Baldy wants to talk at us before we start.

“People, you are on an individualistic journey, only you can understand your inner you, the inner peace and strength given to you by ‘The Learning’. Some of you are on your way. Some of you, however, are resisting! Are falling into indiscipline!’ Whether he didn’t look at me directly because he was playing one of his mind games I don’t know, but there were plenty of sideways glances, and the back of my head burned till my ears glowed red.

“People, you are chosen for The Learning, it chose you, you who responded to the call, the sound of your inner-I, the voice of your soul. Who would dare to waste such a chance? Who would take a flower in their hand and brutally crush it? Who would take their nurturing mother by the hand, and then throw her down the stairs? People, we must work harder to save the weak among us. We must concentrate on their weakness. We must fill them with our special love. More breathing, then, today, it will be eight hours.’

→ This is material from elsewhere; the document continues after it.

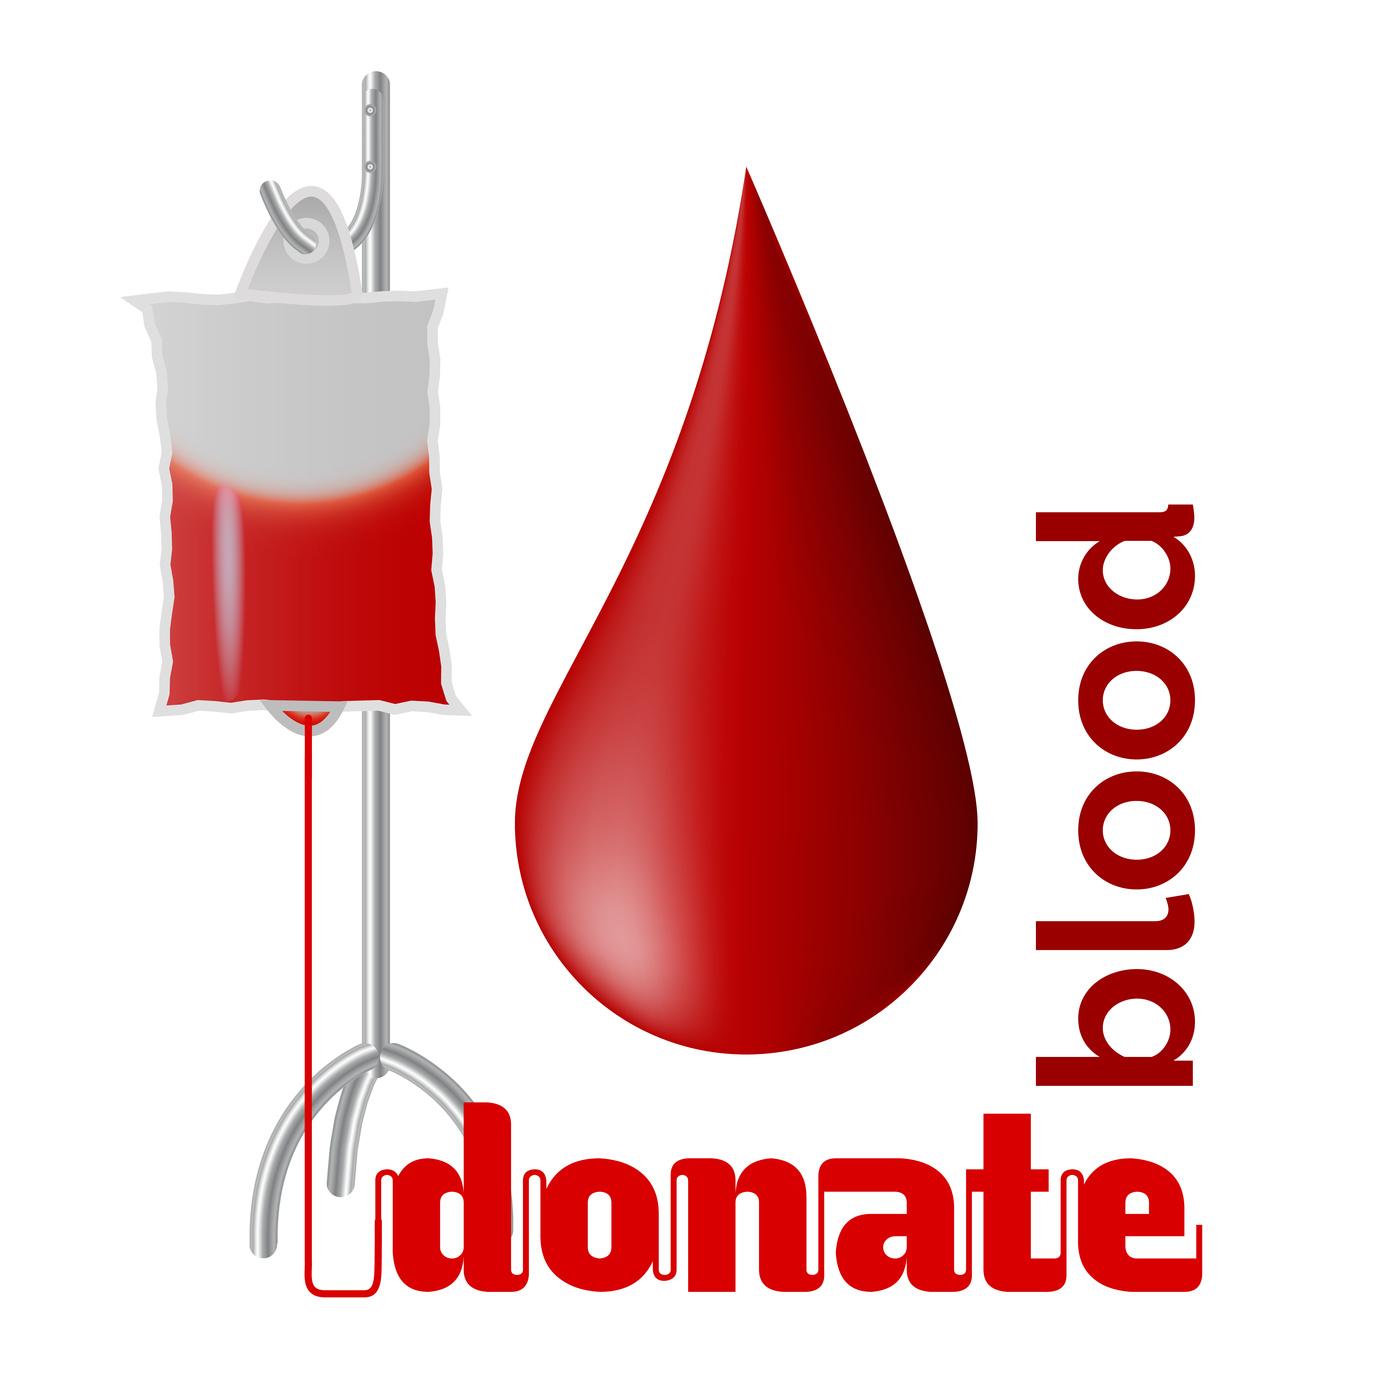 Donate Blood Save Life Logo - January is National Blood Donor Month

Can you see? Can you see what they’ve done to me, to each other? Is there no getting out of here? The rope to cross the strait has gone and the raft is on the other side! Is there no way to freedom? I can’t concentrate; it only fills me with hate. For all I know there’s been a war out there, or a pandemic, or been taken over by zombies, while all I have is to listen to these sanctimonious shits torture themselves (and me) for no good reason.

 

 

ITS NIGHT-TIME NOW and they’re all asleep. The moon’s full and the cicadas are drowning out the noise of the snoring chorus. I’m out and I’m going. I’m like Captain Willard looking for Colonel Kurtz, and I’m going to find him and bash his brains in. This is the end, beautiful friend.

Can you hear the music? Call me delusional, but that was the problem in the first place. Greed, hatred and delusion. There’s no overcoming them. Don’t even try. Can you picture what will be? So limitless and free. I’m not desperately in need of anything. I got this. There, that rock. It’s heavy, and this is some heavy shit.

What was that? Nothing. Looks like Baldy’s sleeping. His window’s open. Quietly. Like a mouse .Look at him sleeping. Even a monster looks pacific while asleep. Enjoy it buddy, this going to be your last one.

I have second thoughts as the rock is in my hands above his head, I mean, who wouldn’t, this shit’s going to get me into loads of trouble. But at the same time, I finally understand what all those shrinks in the serial killer documentaries meant when they said that the murderer wants to feel like God. It’s true, at this moment, I do. Not only that, I consider it an act of liberation, like those domestic abuse women who finally snap and whack their husbands in the head with an axe.

Urgh, I think I’m going to be sick. I am. He urgh. Bweurgh. Oh shit, oh shit, oh shit. The sound that it made, like stepping on a dry branch. And his face, it’s gone. His fucking face is gone. God my hands are shaking. The safe! The keys! Look at all these passports, the phones, the money! Fuck it, I’m having them too, what do these dumb bastards need them for.

‘WHAT? What are you doing? What have you done? Help!’

‘Shut up you idiot or I’ll brain you as well.’ It’s ‘that’ girl. She seems to be hyperventilating. ‘Look, keep quiet, come with me, we’ll share the cash and get out of here, only kept quiet, or else! Understand.’ Jumping Jesus Mary and Joseph would you look at her, she’s nodding her head and doing as I say. Whoever knew that life could be this easy. ‘Come on, follow me.’

With all the stuff in the bag we make it down to the beach, and just in time, because I can hear them waking up over there. That’s funny, where’s all the water gone, oh boy is my luck in, it’s like the parting of the Red Sea. I keep turning my head to look at her, thinking that any minute now she’ll be off and screaming, but she just keeps looking at me and following, she must be in shock or something.